_DESCRIPTION OF THE TASK_
Every line below must come back exactly as it stands, with the images omitted.

_RECORDED DATA_
|---|

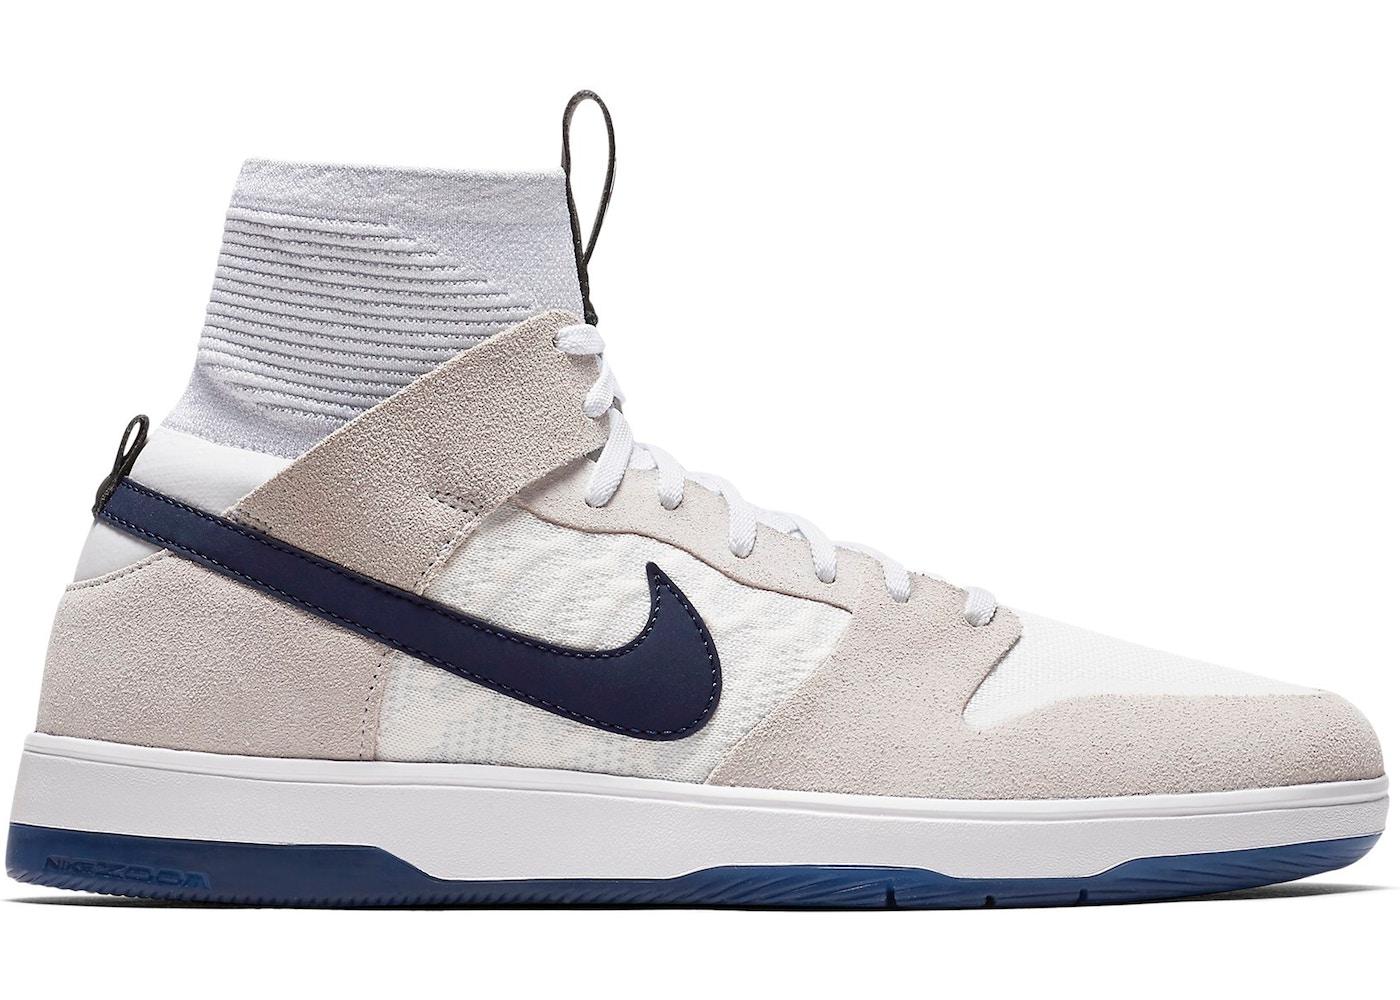 843f546d166 Nike SB Dunk High Elite Cyrus Bennett - 918287-141
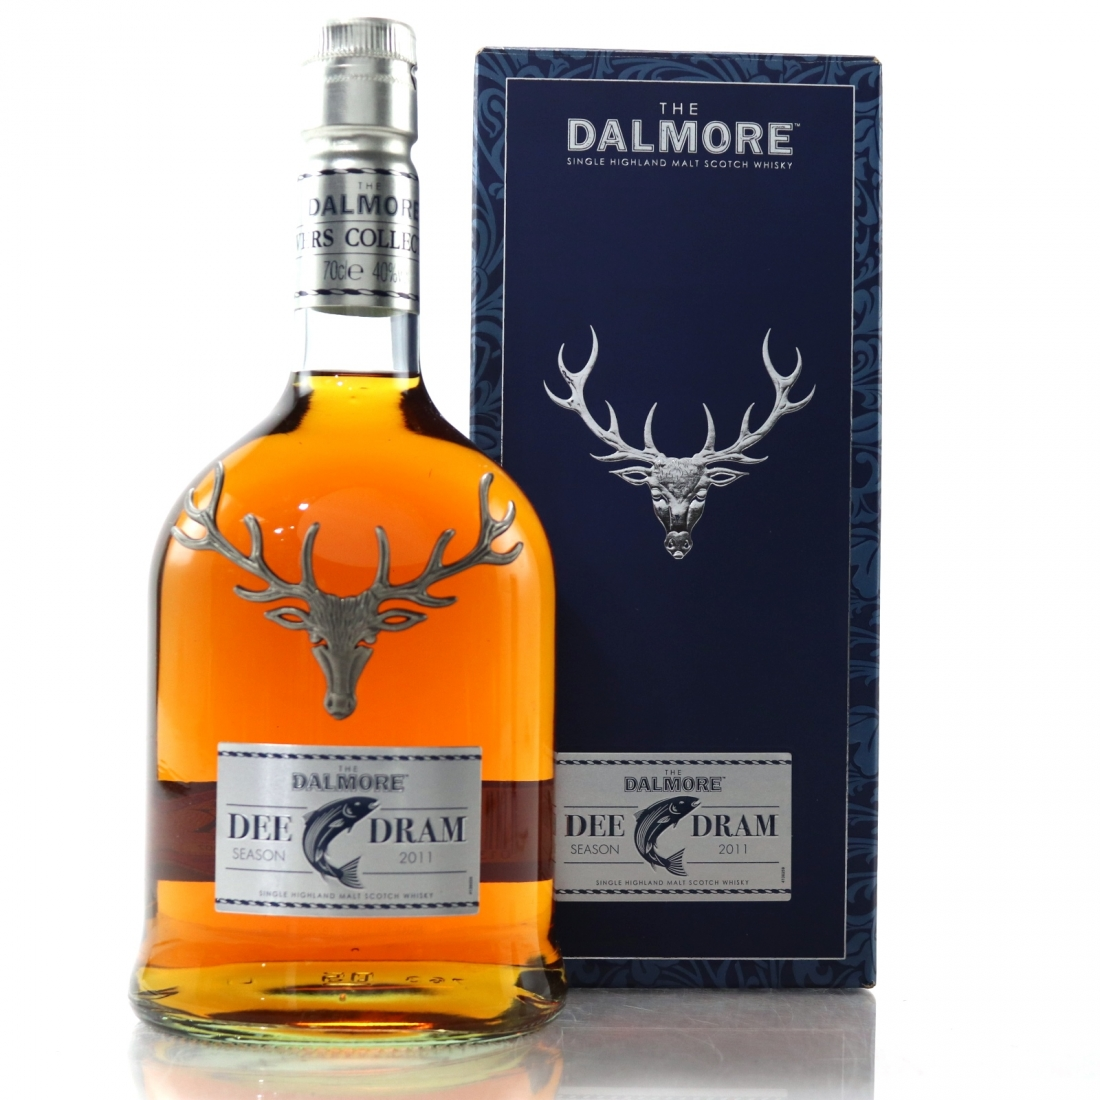 Dalmore Dee Dram / 2011 Season
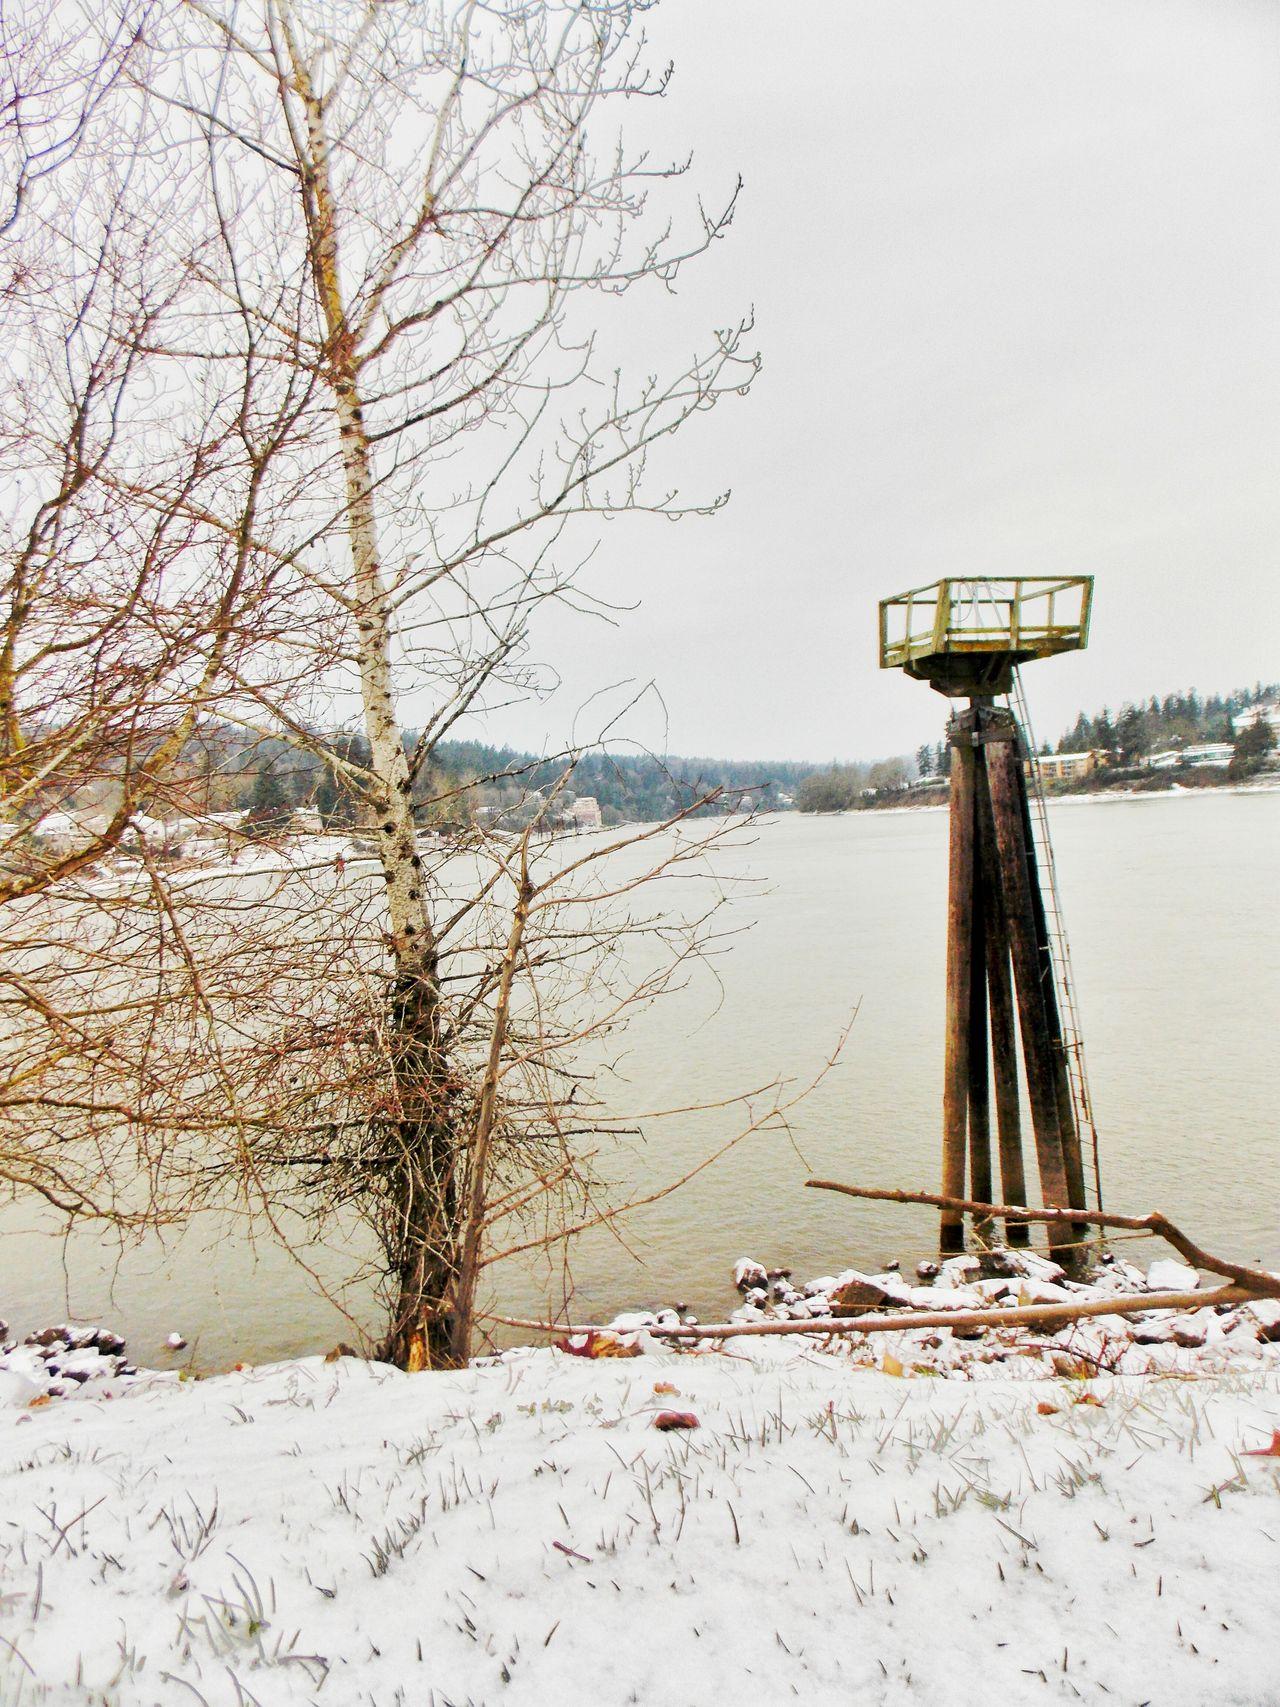 Taking Photos Watch Tower Milwaukie OR. Clackamas River Enjoying Life Snow ❄

|---|

_RESULT OF THIS EXERCISE_
 843f546d166 Nike SB Dunk High Elite Cyrus Bennett - 918287-141
 Dalmore Dee Dram / 2011 Season
 Taking Photos Watch Tower Milwaukie OR. Clackamas River Enjoying Life Snow ❄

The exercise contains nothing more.